=== Begin Enclosure ===

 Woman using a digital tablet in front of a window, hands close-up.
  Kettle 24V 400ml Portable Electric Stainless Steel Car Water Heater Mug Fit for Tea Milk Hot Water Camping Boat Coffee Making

=== End Enclosure ===
=== Begin Enclosure ===

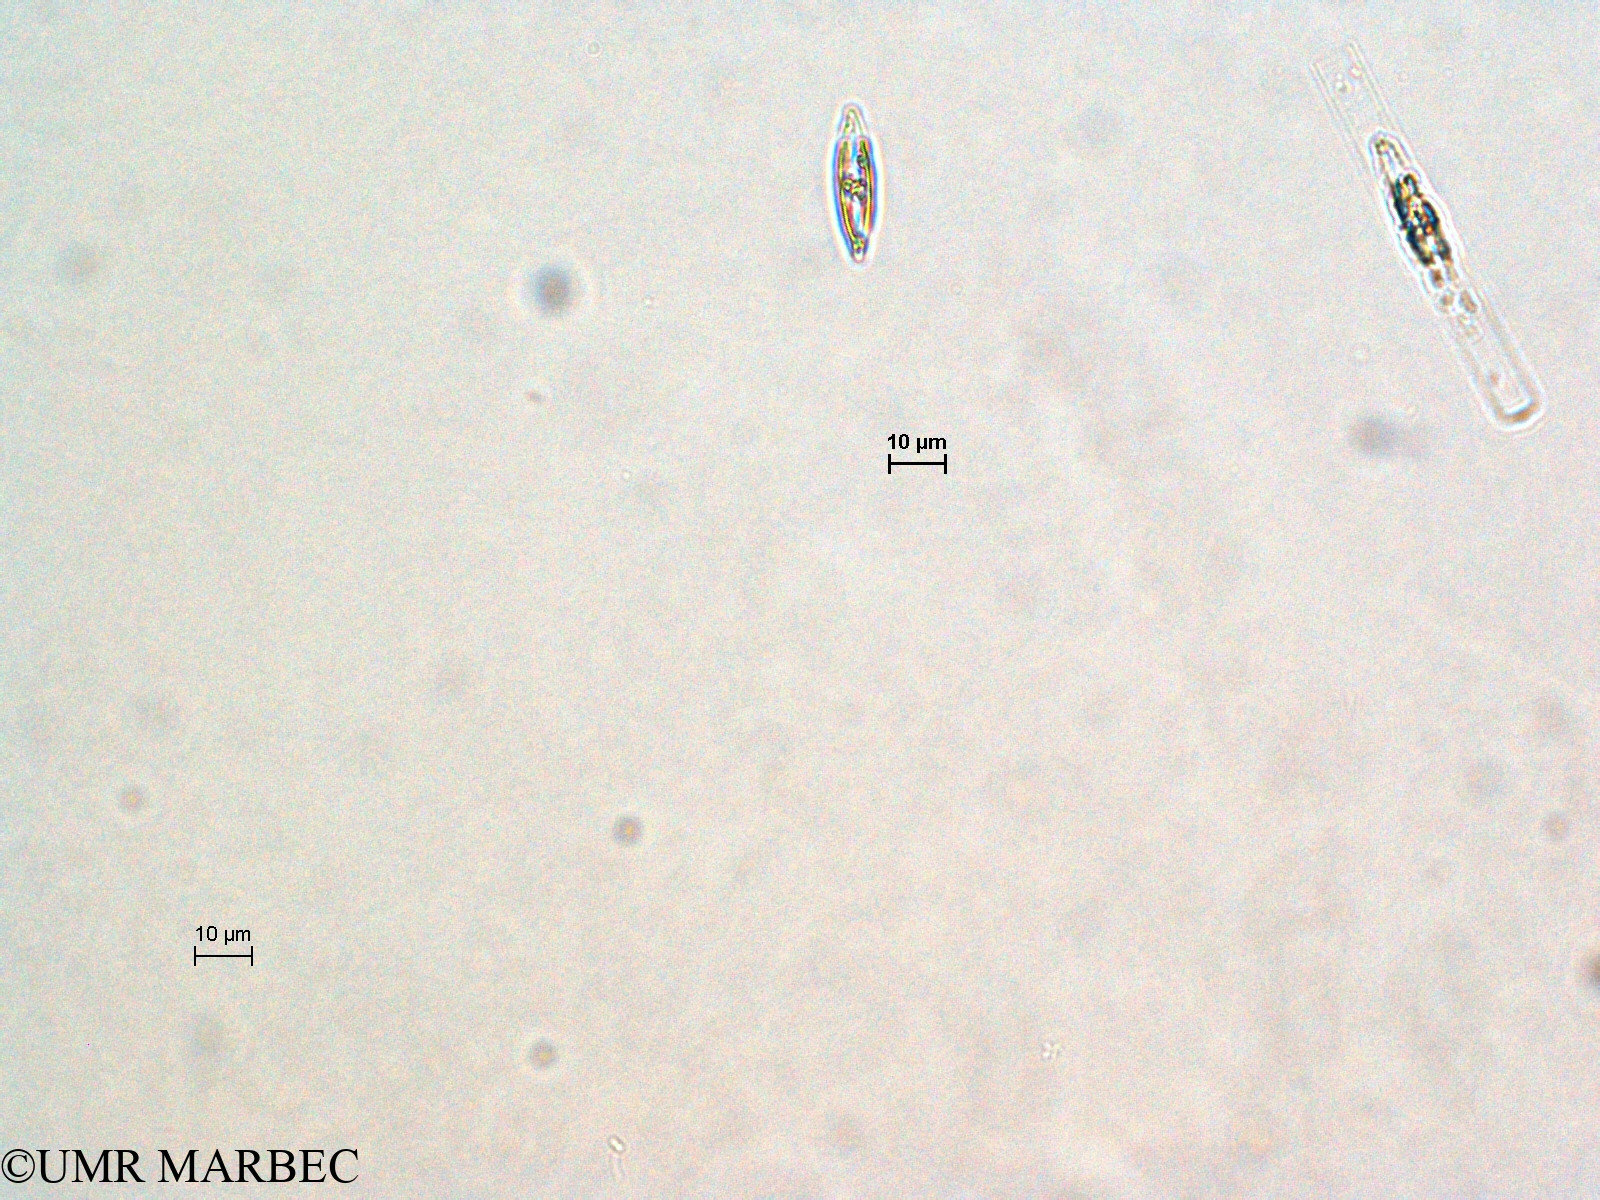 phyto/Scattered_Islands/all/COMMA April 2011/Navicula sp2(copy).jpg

=== End Enclosure ===

● WHAT YOU HAVE TO DO
Only the lines above from the one with "Woman using a" through the one with "Kettle 24V 400ml" should be duplicated, character for character.

● RESULT FOR THIS EXERCISE
 Woman using a digital tablet in front of a window, hands close-up.
  Kettle 24V 400ml Portable Electric Stainless Steel Car Water Heater Mug Fit for Tea Milk Hot Water Camping Boat Coffee Making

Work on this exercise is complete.